The effects of soy isoflavones, genistein and daidzein, which exhibit estrogenic, anti-estrogenic and/or tyrosine kinase inhibitory activity, on the dendritic morphology of B16 mouse melanoma cells were quantitatively evaluated and compared with those of 17 beta-estradiol (Est) and tyrphostin, a tyrosine kinase inhibitor. Dendricity was significantly stimulated in the order of Est > genistein > daidzein = tyrphostin, but not by glycosides of genistein and daidzein. In competition experiments, Est counteracted the stimulatory activity of genistein and daidzein, but enhanced the activity of tyrphostin additively, suggesting that genistein and daidzein agonized Est. In addition, when the concentration ratios of genistein/Est and daidzein/Est were higher than 5000 and 50,000, respectively, genistein and daidzein agonized Est. In contrast, when the ratio of daidzein/Est was lower than 500, daidzein antagonized Est. Furthermore, genistein and daidzein competed with each other in stimulatory activity. These observations suggest that: 1) dendricity is stimulated by agonists (genistein and daidzein) of Est and tyrosine kinase inhibitors (genistein and tyrphostin), 2) the concentration ratio of isoflavone aglycone/Est is very important as one regulatory factor for estrogenic and/or anti-estrogenic activity, and 3) daidzein antagonizes not only Est but also genistein. It is concluded that a quantitative and simple dendricity assay using B16 mouse melanoma cells is available to evaluate estrogenic and anti-estrogenic activity in vitro.     
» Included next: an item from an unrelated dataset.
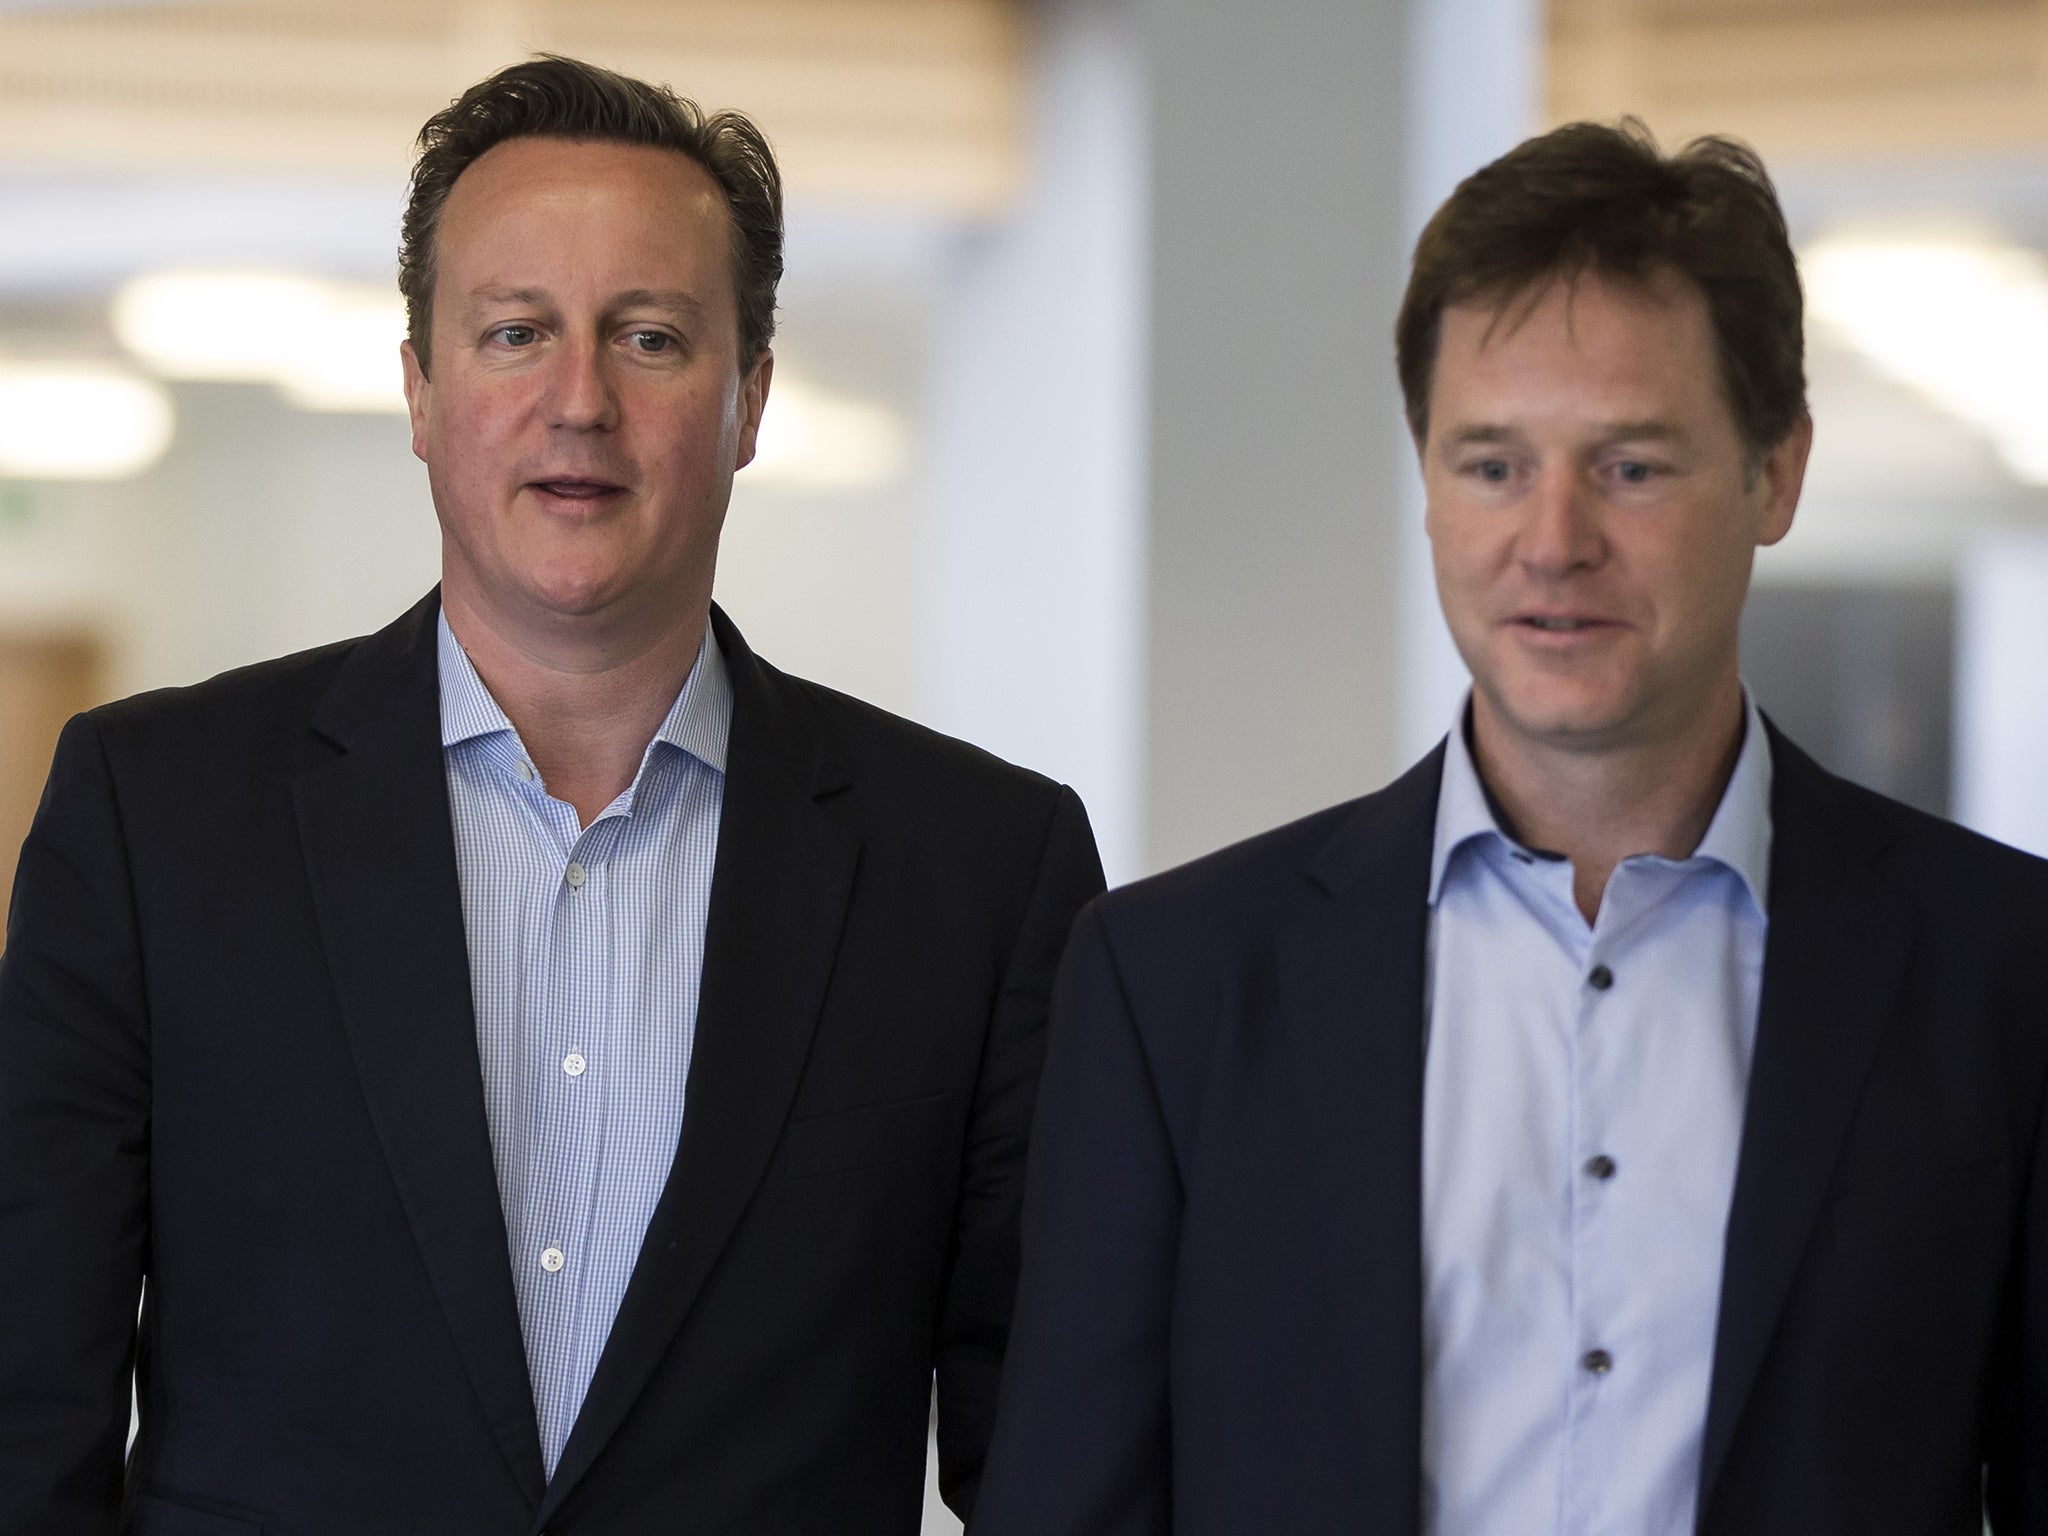 David Cameron has demanded that Nick Clegg should not participate in a BBC programme on 16 April featuring Ed Miliband and other opposition leaders

Bovine adrenal 3beta-hydroxysteroid dehydrogenase (E.C. 1.1.1. 145)/5-ene-4-ene isomerase (E.C. 5.3.3.1): characterization and its inhibition by isoflavones

The isoflavones daidzein, genistein, biochanin A and formononetin inhibit potently and preferentially the γ-isozymes of mammalian alcohol dehydrogenase (γγ-ADH), the only ADH isozyme that catalyzes the oxidation of 3β-hydroxysteroids. Based on these results, we proposed that these isoflavones might also act on other enzymes involved in 3β-hydroxysteroid metabolism. Recently, we showed that they indeed are potent inhibitors of a bacterial β-hydroxysteroid dehydrogenase (β-HSD). To extend this finding to the mammalian systems, we hereby purified, characterized and studied the effects of isoflavones and structurally related compounds on, a bovine adrenal 3β-hydroxysteroid dehydrogenase (3β-HSD). This enzyme catalyzes the oxidation of 3β-hydroxysteroids but not 3-, 11β- or 17β-hydroxysteroids. The same enzyme also catalyzes 5-ene-4-ene isomerization, converting 5-pregnen 3, 20-dione to progesterone. The K_m values of its dehydrogenase activity determined for a list of 3β-hydroxysteroid substrates are similar (1 to 2 μM) and that of its isomerase activity, determined with 5-pregnen 3, 20-dione as a substrate, is 10 μM. The k_cat value determined for its isomerase activity (18.2 min⁻¹) is also higher than that for its dehydrogenase activity (1.4–2.4 min⁻¹). A survey of more than 30 isoflavones and structurally related compounds revealed that daidzein, genistein, biochanin A and formononetin inhibit both the dehydrogenase and isomerase activity of this enzyme. Inhibition is potent and concentration dependent. IC₅₀ values determined for these compounds range from 0.4 to 11 μM, within the plasma and urine concentration ranges of daidzein and genistein of individuals on vegetarian diet or semi-vegetarian diet. These results suggest that dietary isoflavones may exert their biological effects by inhibiting the action of 3β-HSD, a key enzyme of neurosteroid and/or steroid hormone biosynthesis.